California’s economic outlook worsens as Newsom travels overseas



While Gov. Gavin Newsom polishes his foreign policy credentials with visits to Israel and China, California is experiencing an economic slowdown that could bode ill for the final three years of his governorship.

The state’s latest employment report, issued last week for September, found fewer Californians employed than there were a year earlier, while the jobless ranks had increased by 144,100. The state’s unemployment rate creeped up to 4.7%, the second highest of any state, while the labor force — Californians working or looking for work — continued to decline.

“Census figures released this week reveal the extent to which households continue to leave California,” Taner Osman, research manager at Beacon Economics, said in an analysis of the job data. “The state’s population has fallen by half-a-million people over the past three years and this is filtering through to the economy, where the labor force has shrunk and employers are struggling to find workers.”

The darkening employment picture is particularly evident in the San Francisco Bay Area, traditionally the state’s most prosperous region, whose high-income technology workers have been a major source of income taxes.
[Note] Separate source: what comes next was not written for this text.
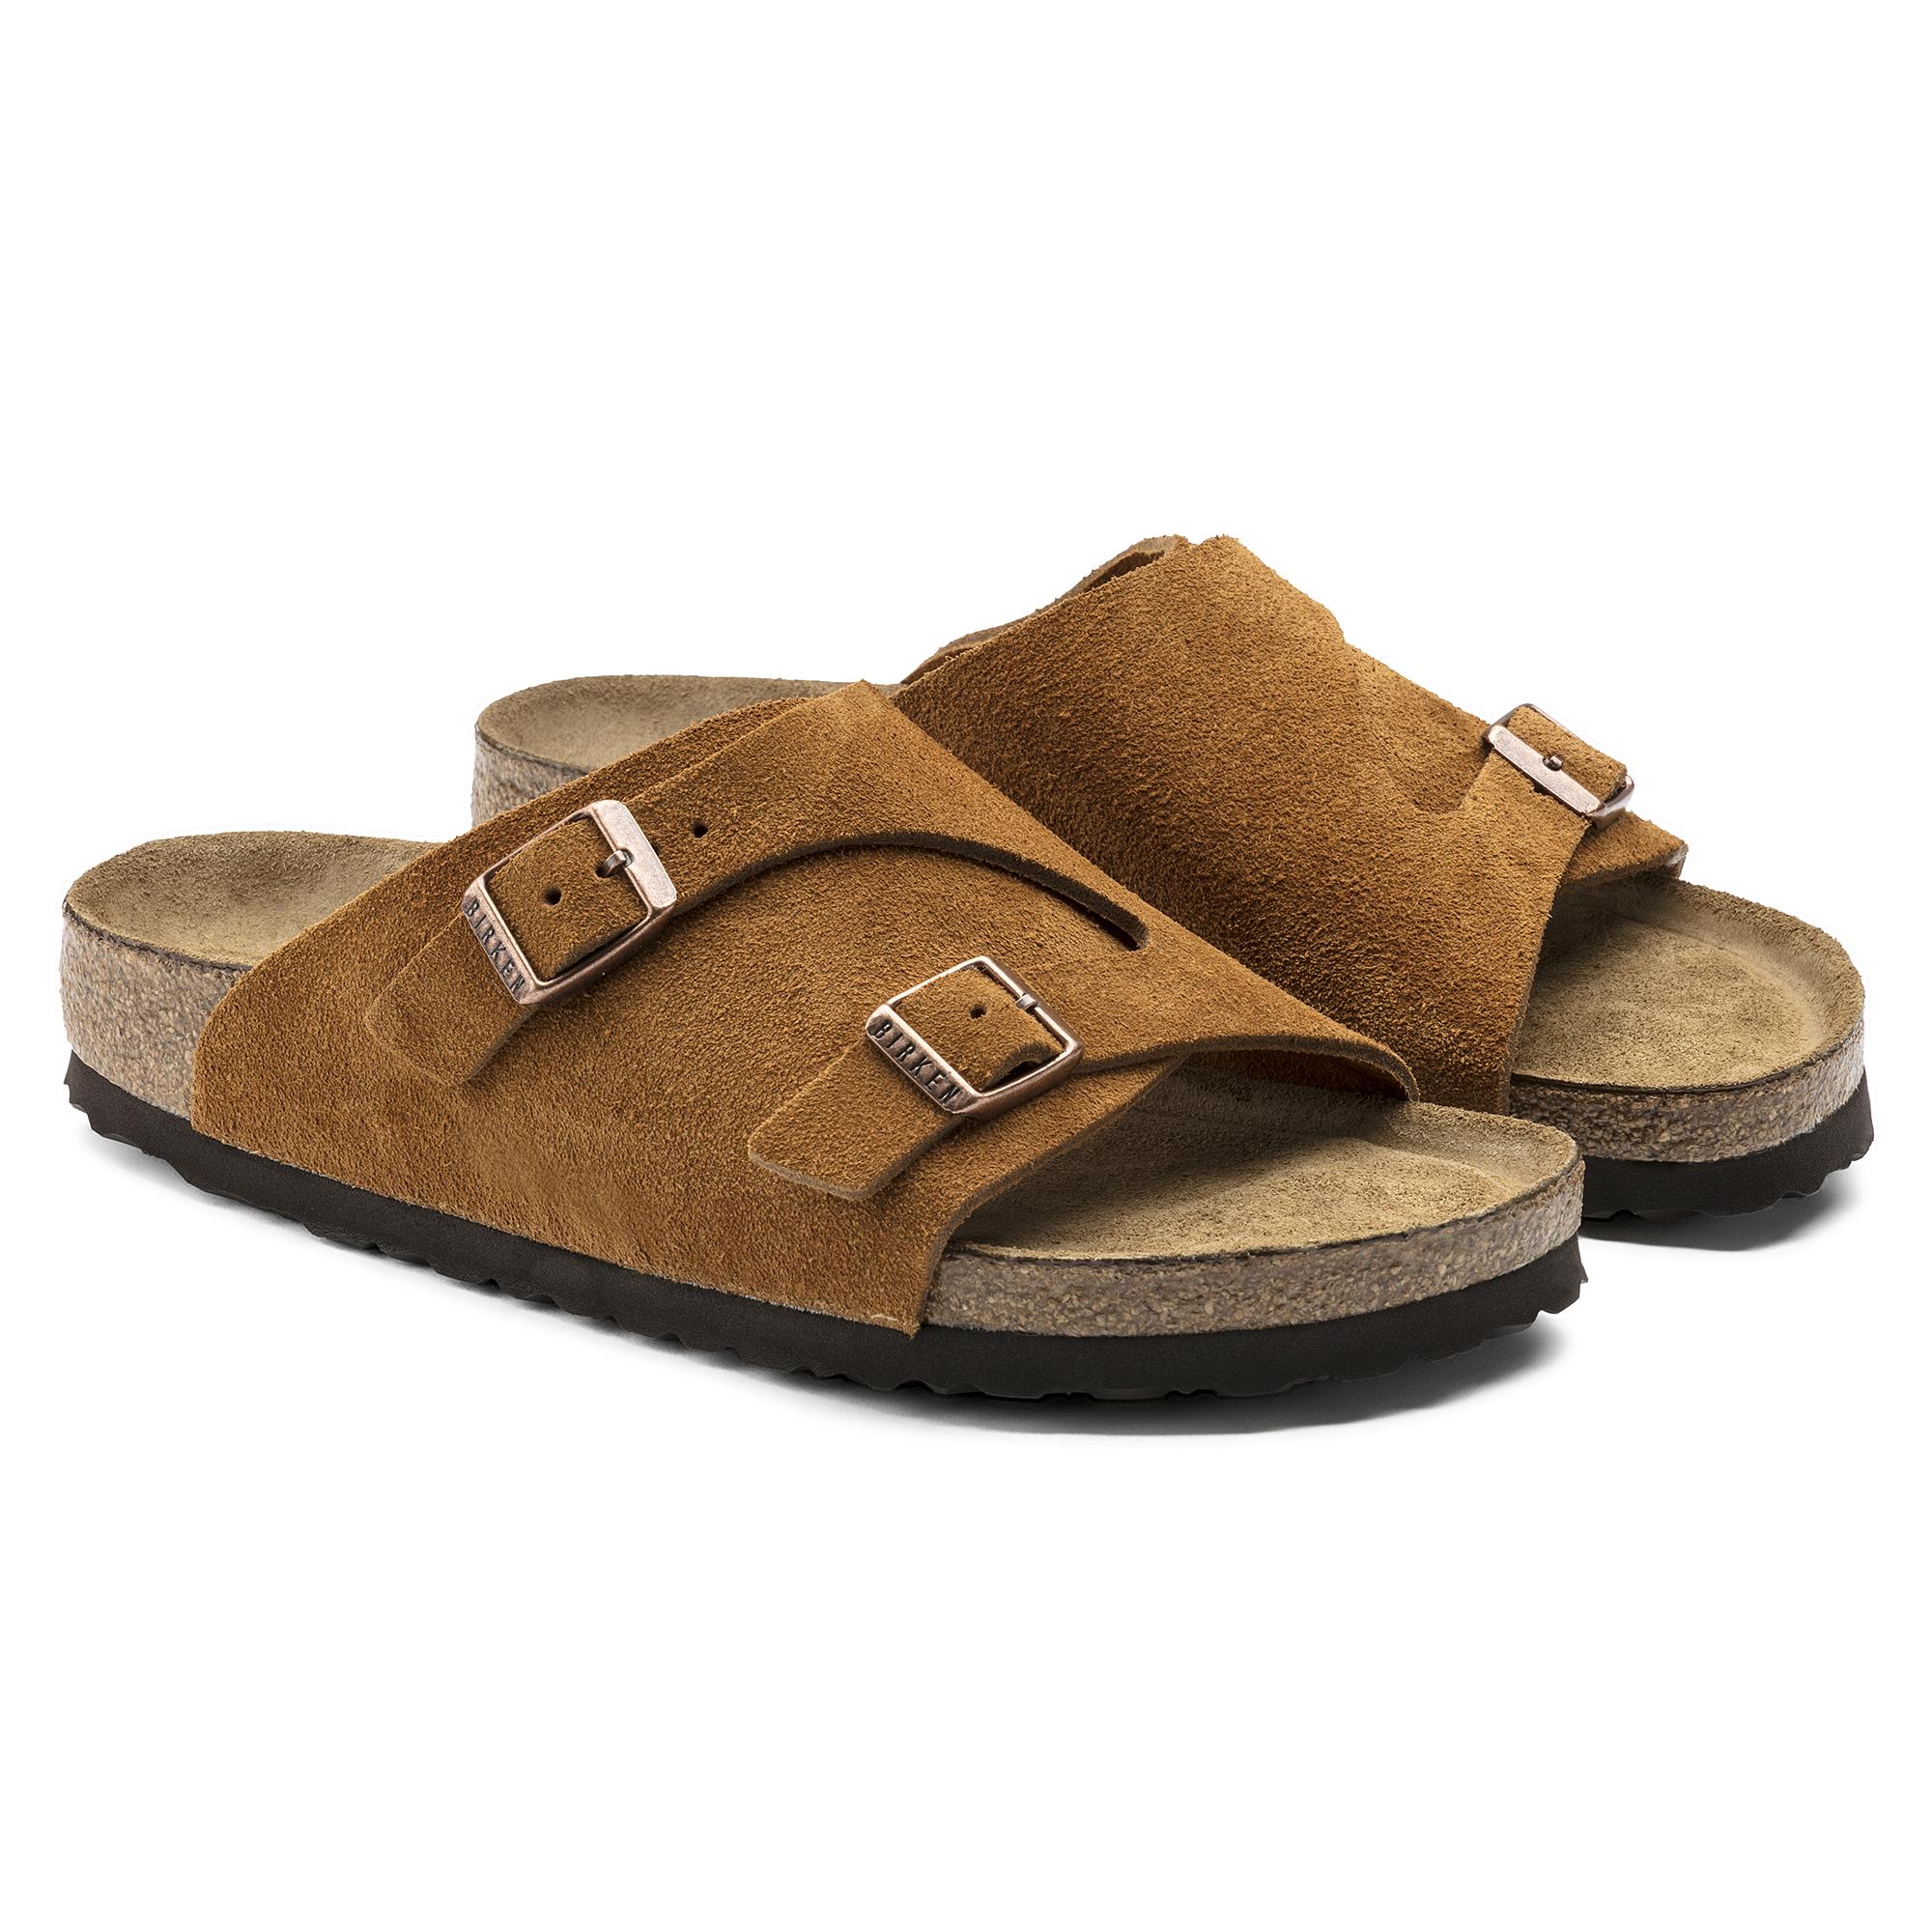 Birkenstock Zurich Leather Dark Orange Sandals

The San Jose Mercury News calculated that the nine-county region has seen declining employment for three straight months as technology companies shed staff.
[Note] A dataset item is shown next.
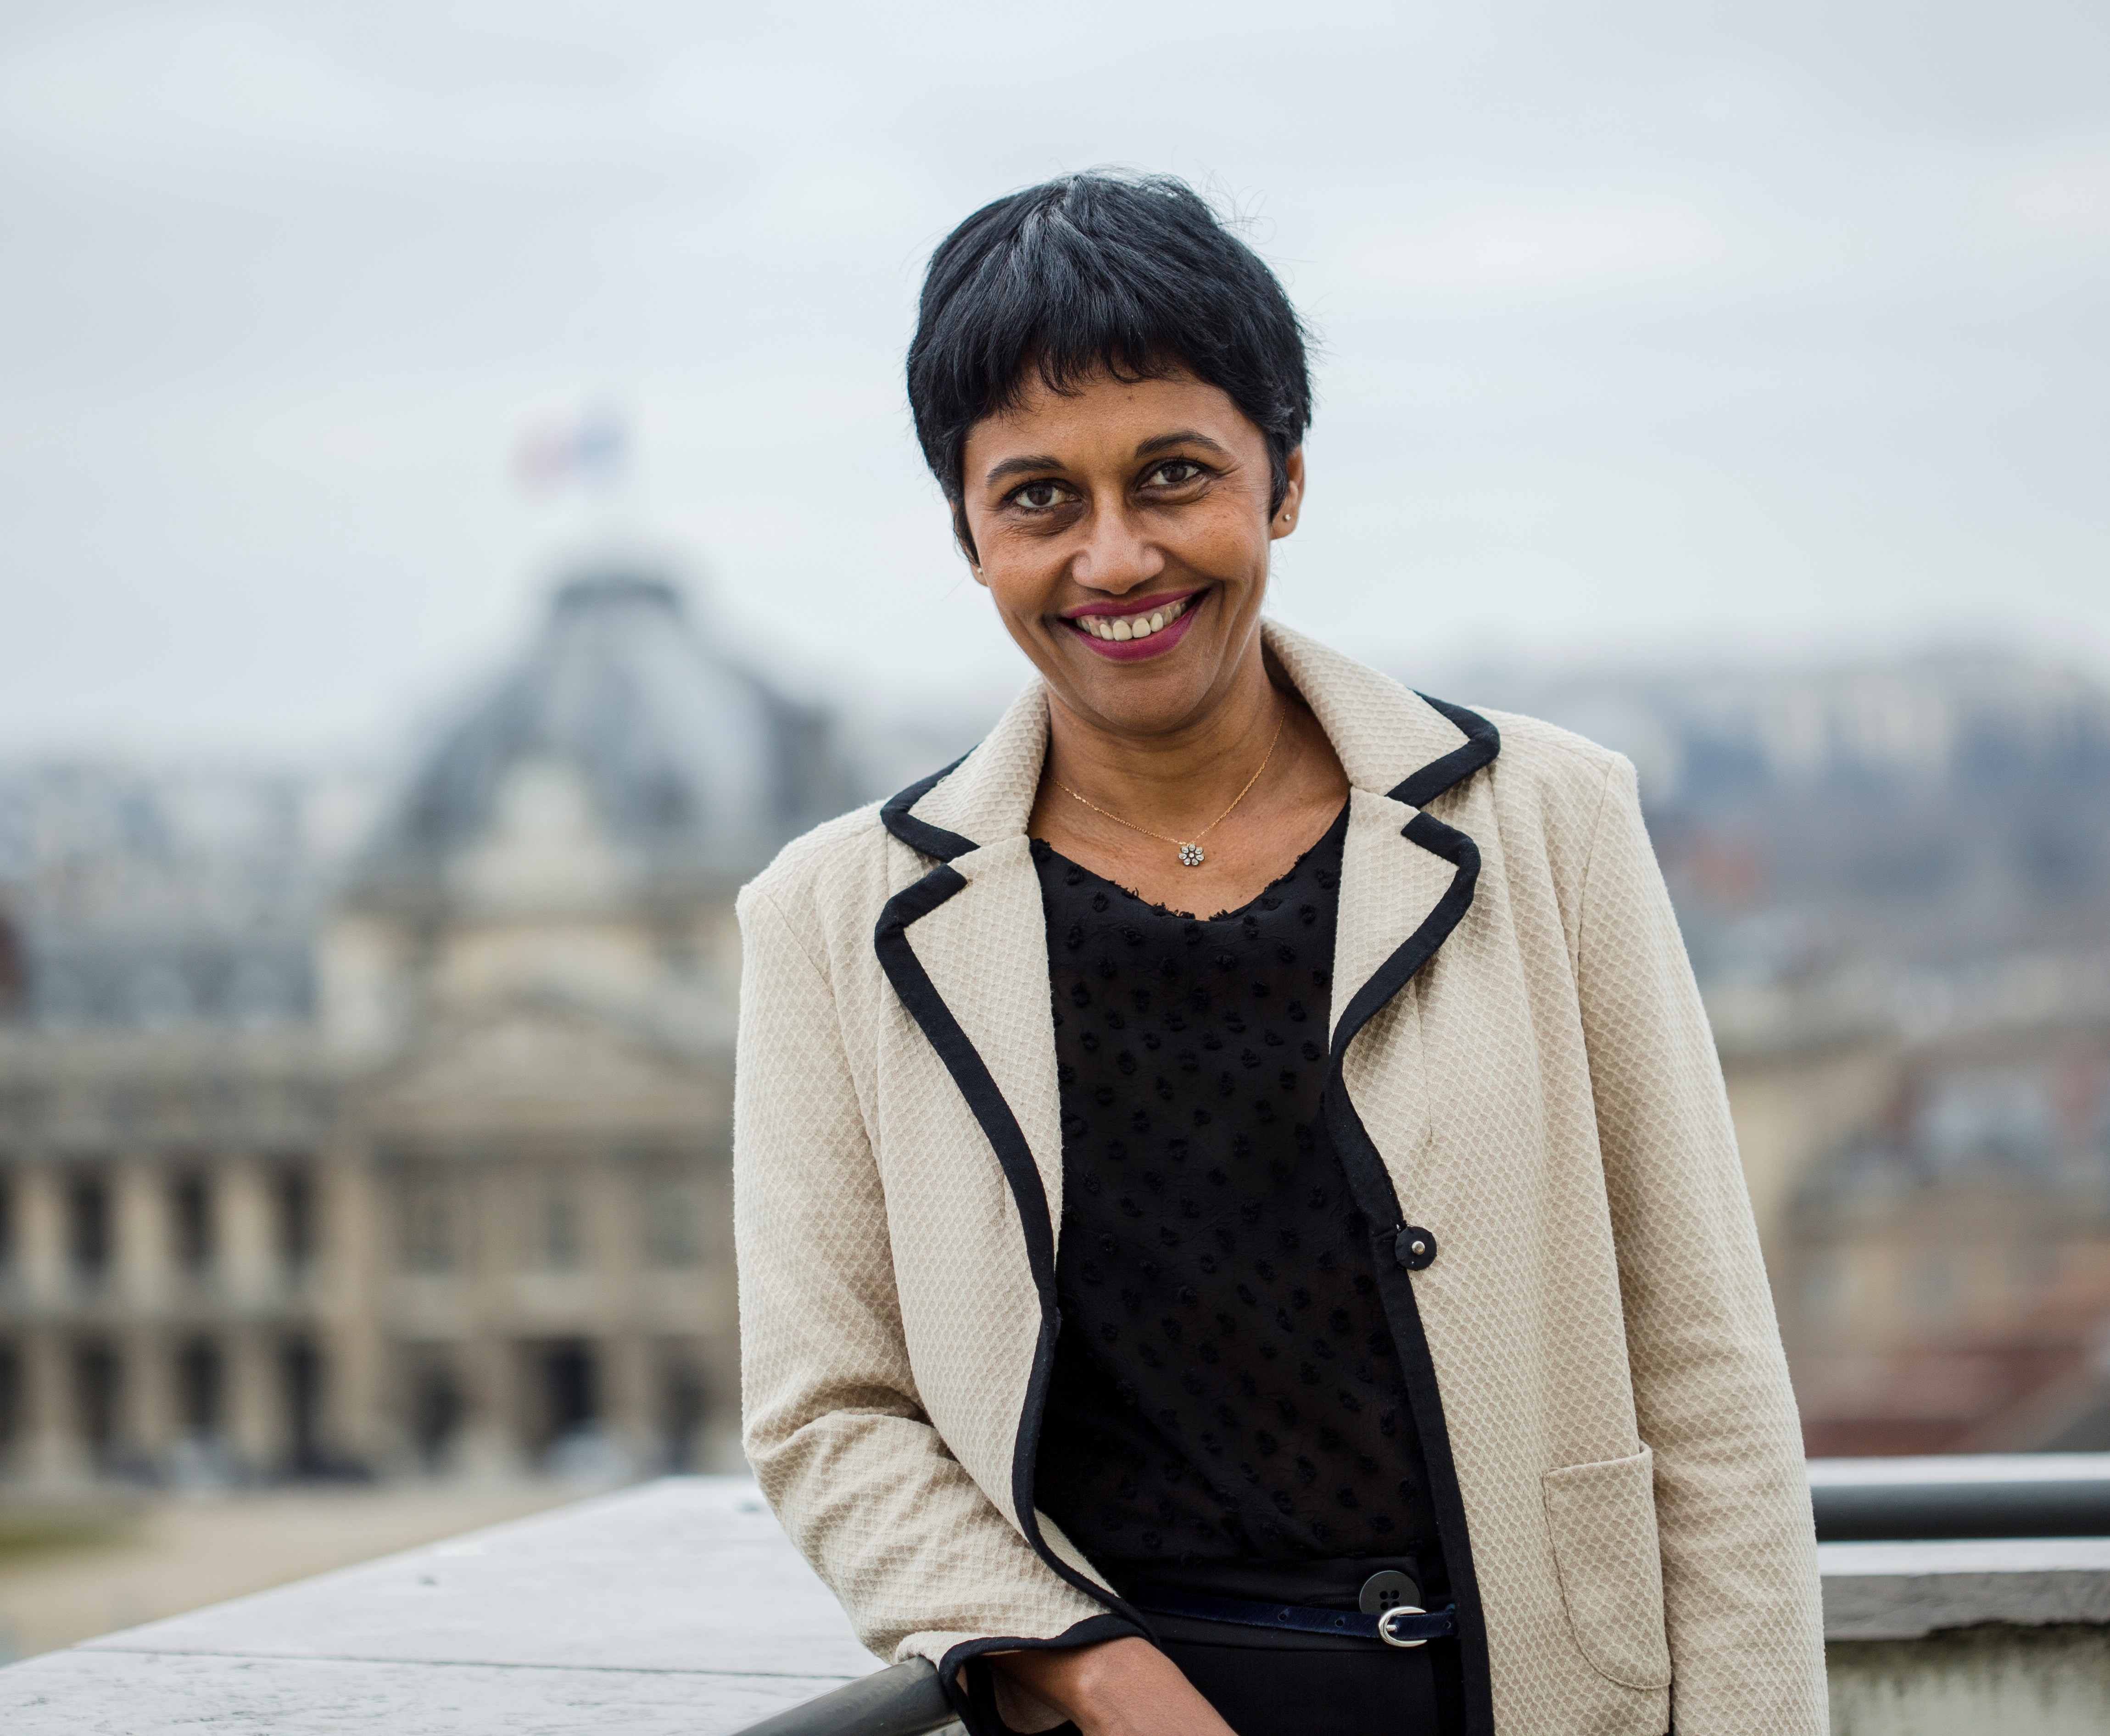 La ministre des Outre-mer, Ericka Bareigts, réalise une visite officielle en Polynésie française du 17 au 22 février prochains.

“The Bay Area economy may have shifted from just treading water to a period of backsliding under the weight of higher for longer interest rates, slowing consumer and business demand, and weaker growth in Asia and around the globe,” Scott Anderson, chief U.S. economist for BMO Capital Markets, told the Mercury News.

The state’s population loss, cited by Osman of Beacon Economics, has taken on a new and ominous aspect, according to recent research by the Public Policy Institute of California. In the past, PPIC’s demographers have said that losses generally were in lower-income Californians seeking lower costs of living. But they now see a significant outflow of higher-income workers and their families — the people who generate the lion’s share of California’s tax revenues.

The PPIC found that “an increasing proportion of higher-income Californians are also exiting the state. The ‘new normal’ of remote work in many white-collar professions has enabled some higher-income workers to move. Politics might also play a role, as conservatives are much more likely than liberals to say they have considered leaving the state.”